▶ Data for analysis:
================

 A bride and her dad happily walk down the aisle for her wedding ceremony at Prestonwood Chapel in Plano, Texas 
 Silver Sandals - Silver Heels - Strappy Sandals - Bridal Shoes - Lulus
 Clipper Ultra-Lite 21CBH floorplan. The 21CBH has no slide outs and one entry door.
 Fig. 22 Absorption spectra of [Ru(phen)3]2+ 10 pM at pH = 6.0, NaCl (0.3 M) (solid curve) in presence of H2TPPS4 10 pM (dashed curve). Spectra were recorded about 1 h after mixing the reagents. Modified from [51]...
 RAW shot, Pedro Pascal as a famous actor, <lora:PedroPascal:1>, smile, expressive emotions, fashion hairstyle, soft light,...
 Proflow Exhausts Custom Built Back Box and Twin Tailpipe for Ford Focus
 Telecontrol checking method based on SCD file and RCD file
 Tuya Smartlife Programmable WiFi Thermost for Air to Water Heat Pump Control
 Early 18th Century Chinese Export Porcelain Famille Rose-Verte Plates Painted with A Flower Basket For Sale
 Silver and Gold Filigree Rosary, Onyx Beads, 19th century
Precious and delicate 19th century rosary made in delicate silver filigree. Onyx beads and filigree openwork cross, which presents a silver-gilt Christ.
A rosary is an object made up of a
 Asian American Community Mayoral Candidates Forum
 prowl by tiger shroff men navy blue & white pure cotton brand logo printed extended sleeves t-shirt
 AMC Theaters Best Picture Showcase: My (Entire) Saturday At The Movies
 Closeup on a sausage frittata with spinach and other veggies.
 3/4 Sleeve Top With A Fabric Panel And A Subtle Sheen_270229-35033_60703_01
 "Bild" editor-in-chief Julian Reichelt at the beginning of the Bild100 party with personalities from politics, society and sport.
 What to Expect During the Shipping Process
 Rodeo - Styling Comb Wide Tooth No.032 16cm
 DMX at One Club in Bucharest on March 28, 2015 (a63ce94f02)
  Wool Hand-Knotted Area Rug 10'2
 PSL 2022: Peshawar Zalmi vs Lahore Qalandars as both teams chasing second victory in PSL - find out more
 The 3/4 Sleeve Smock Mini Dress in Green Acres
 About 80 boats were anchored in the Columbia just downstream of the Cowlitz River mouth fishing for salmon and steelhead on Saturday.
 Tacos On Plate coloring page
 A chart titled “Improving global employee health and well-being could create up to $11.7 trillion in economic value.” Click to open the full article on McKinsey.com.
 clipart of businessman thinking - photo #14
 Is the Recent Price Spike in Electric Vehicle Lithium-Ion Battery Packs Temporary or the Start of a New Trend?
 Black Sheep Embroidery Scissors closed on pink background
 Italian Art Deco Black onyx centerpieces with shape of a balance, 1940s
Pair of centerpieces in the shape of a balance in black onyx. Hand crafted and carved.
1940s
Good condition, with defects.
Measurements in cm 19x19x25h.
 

================

▶ Work to be completed: Go back to the listing above. Copy word for word the lines from the one with "RAW shot, Pedro" through the one with "3/4 Sleeve Top", and nothing more.

▶ Exercise output:
 RAW shot, Pedro Pascal as a famous actor, <lora:PedroPascal:1>, smile, expressive emotions, fashion hairstyle, soft light,...
 Proflow Exhausts Custom Built Back Box and Twin Tailpipe for Ford Focus
 Telecontrol checking method based on SCD file and RCD file
 Tuya Smartlife Programmable WiFi Thermost for Air to Water Heat Pump Control
 Early 18th Century Chinese Export Porcelain Famille Rose-Verte Plates Painted with A Flower Basket For Sale
 Silver and Gold Filigree Rosary, Onyx Beads, 19th century
Precious and delicate 19th century rosary made in delicate silver filigree. Onyx beads and filigree openwork cross, which presents a silver-gilt Christ.
A rosary is an object made up of a
 Asian American Community Mayoral Candidates Forum
 prowl by tiger shroff men navy blue & white pure cotton brand logo printed extended sleeves t-shirt
 AMC Theaters Best Picture Showcase: My (Entire) Saturday At The Movies
 Closeup on a sausage frittata with spinach and other veggies.
 3/4 Sleeve Top With A Fabric Panel And A Subtle Sheen_270229-35033_60703_01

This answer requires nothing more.